The code generated by the macro is not this, but it's closer to this:
let happy_value = match my_result {
// Call `.into()` on the error type to try and convert to whatever the
// function signature says the error type is.
Ok(val) => val,
Err(e) => return Err(e.into()),
}
The conversion part of this is a huge win. If we settle on a single error type for a project, we can capture errors from any source simply by implementing the From trait for the other error into your error type.
If you're using a library like thiserror to help write your error types, this
dovetails nicely! Remember that thiserror can generate From implementations
for you using small annotations via attributes on your enum variants.
In this way, you can stitch together all the possible failures that
could arise and ascribe some extra meaning to them by wrapping them with your
own Error type.
Why is Rust this way? ◈
To summarize difference between Result and exceptions:
A
Resultis a value so propagation up the call stack is manual whereas exceptions are fire and forget.

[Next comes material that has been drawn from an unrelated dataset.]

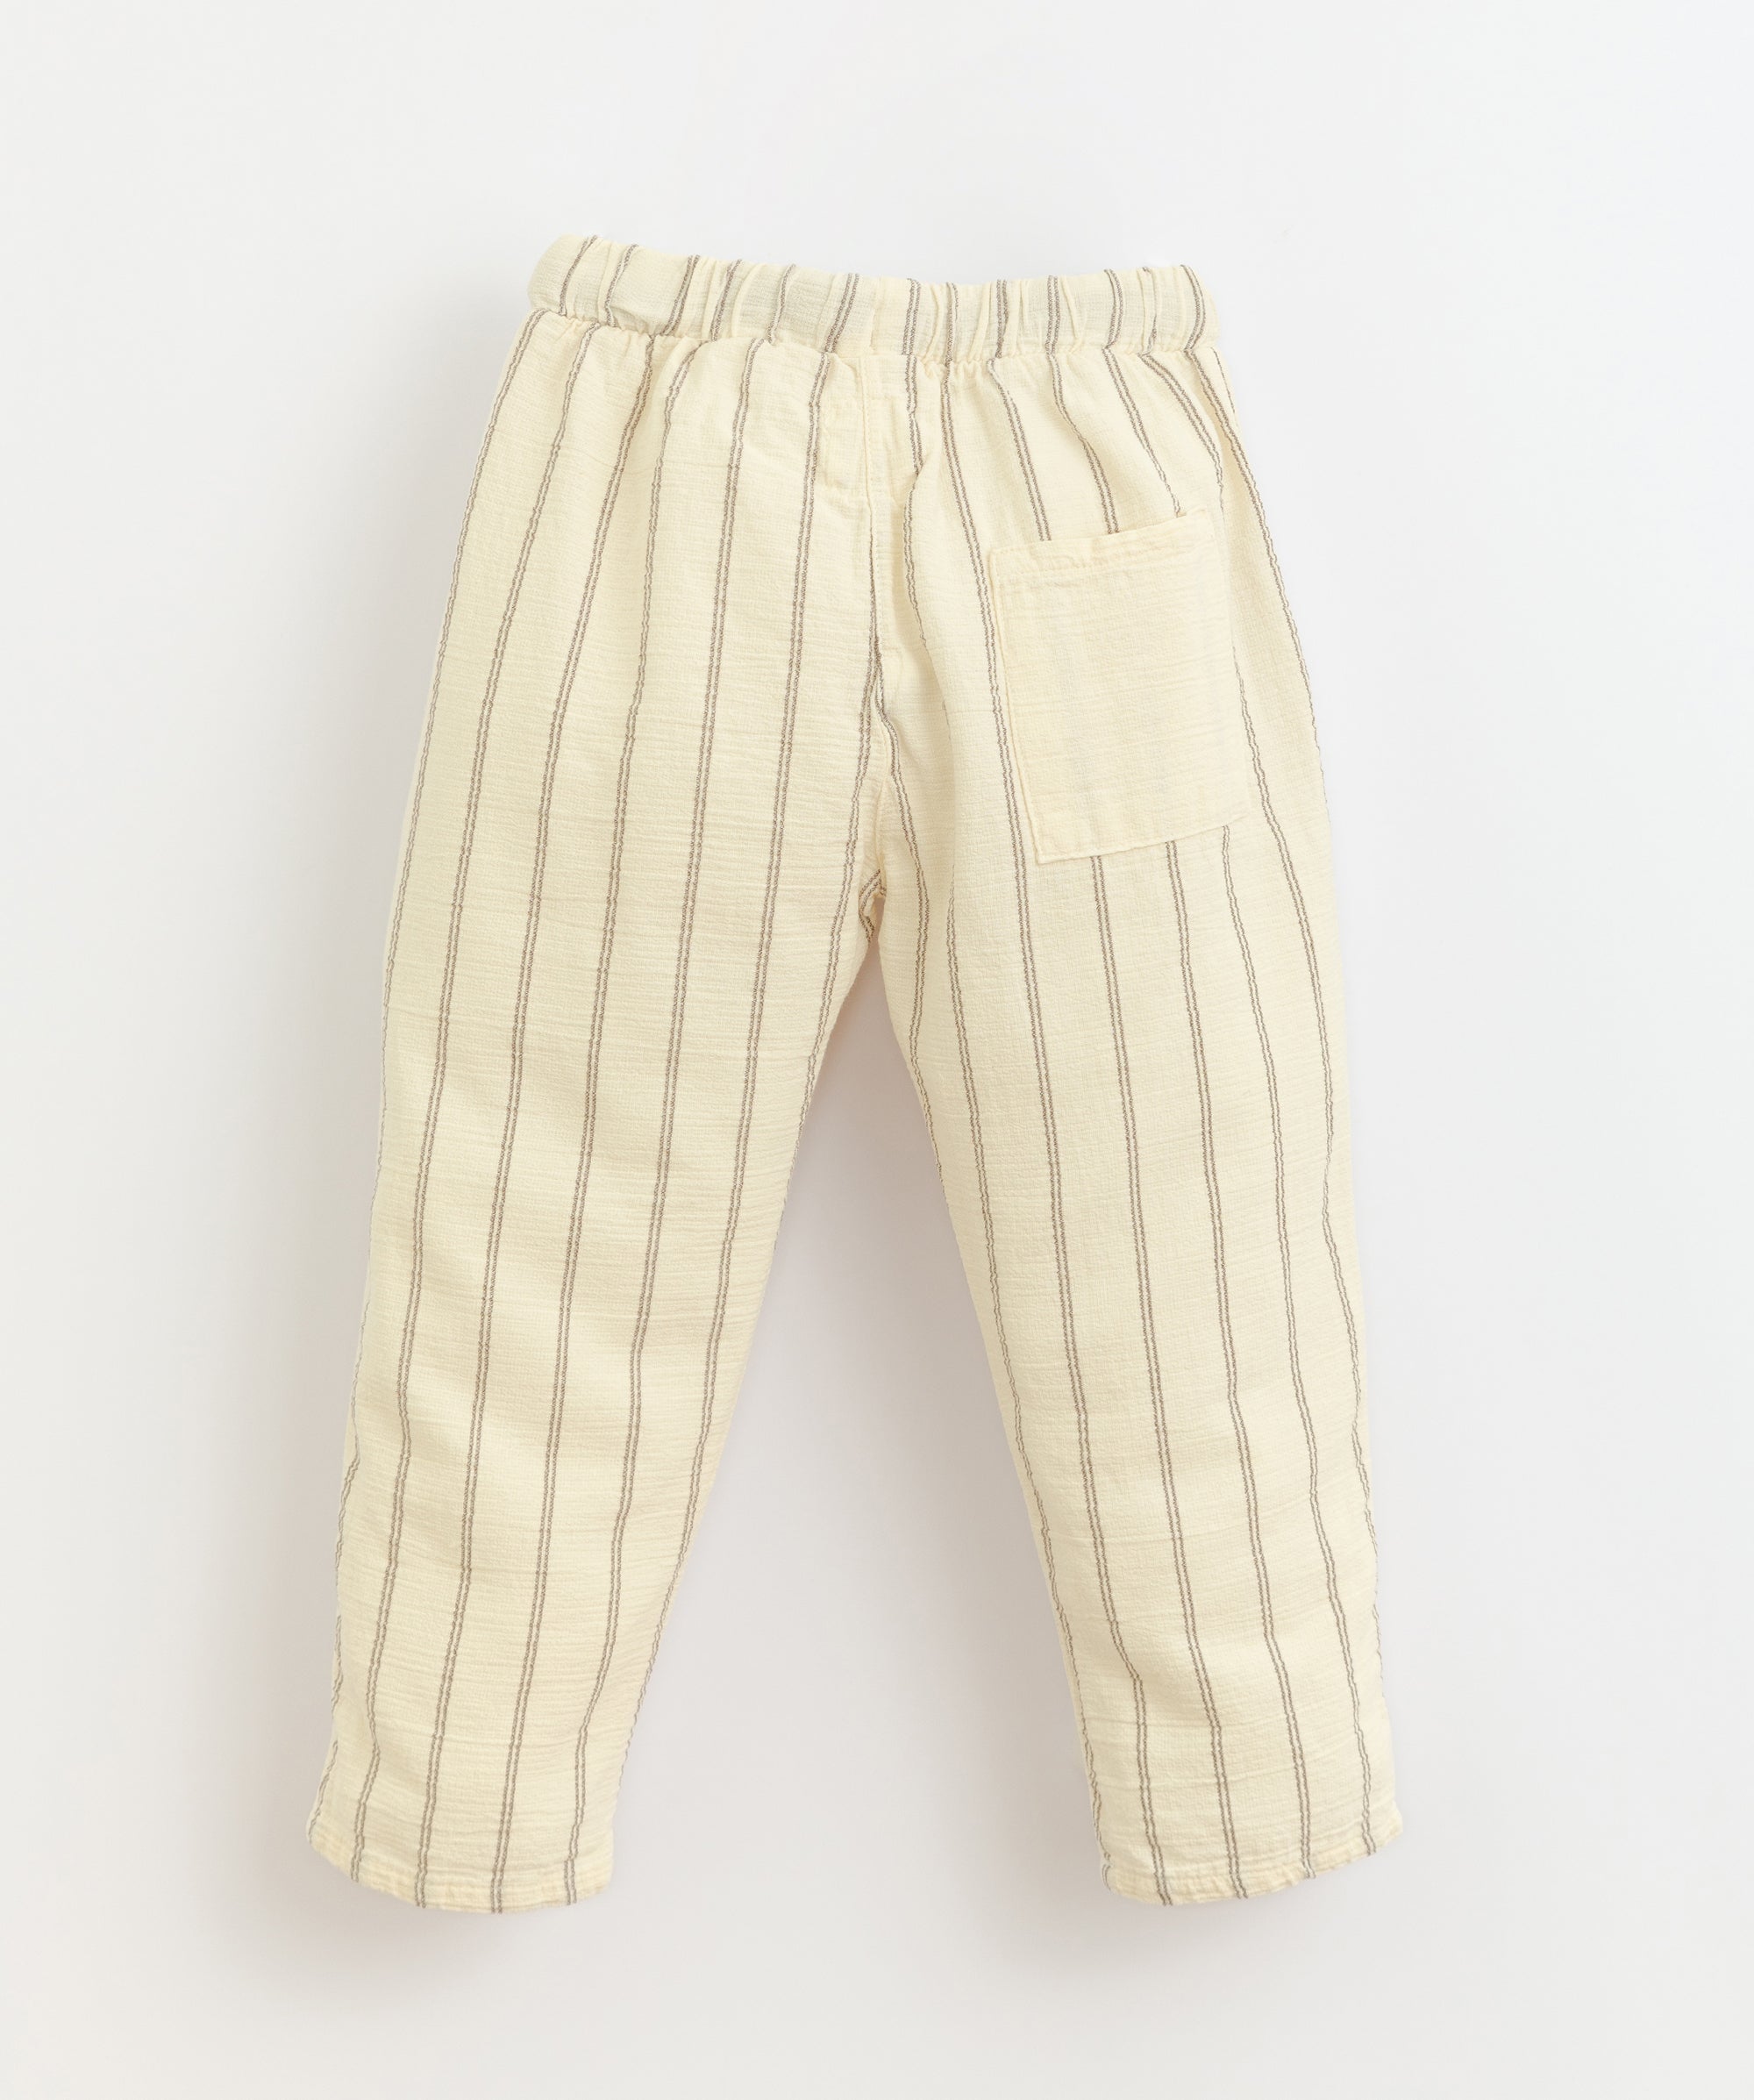 Baige trousers made of a mixture of woven and organic cotton. It has an elastic waist with an adjustable linen cord and one rear pocket. Made by Play Up.

Exceptions will travel up the call stack until caught making them more implicit and indirect. It's possible the caller of a function will have no idea it could fail, and the number of ways things can fail (possibly) increases with each new function call required for that first function to return.
You may not be able to anticipate the need to try/except whatever the exception type is if it originates from some deep function call, many steps removed from the call site in your code. In Python systems, this can lead to "surprise" errors that show up at runtime, often in production.
A Result, being a value, encodes failure modes explicitly in the
return types of functions. Having failure modes visible in this way reduces
those "surprise" errors.
Programs dealing with concurrency is another place where we see the benefits of treating errors as values. One of Rust's aims (originally a part of the sales pitch) was "fearless concurrency", so it makes sense that this would be given weight during the language's design.
In a way, exceptions are spring-loaded. For programs with concurrency there's the risk of one task failure accidentally killing the rest of the pending tasks before they complete. This is often not desired!
Lynn Root wrote series of blog posts titled asyncio: We Did It Wrong, all about async programming in Python. The third post in the series, Exception Handling in asyncio, digs into the problems you'll face when you mix an exception model with tasks that are running simultaneously.
The solutions Lynn offers lean towards treating errors as values to the point looking sort of similar to how async Rust code doing a similar task might look.
Perhaps Python and Rust are not so different after all!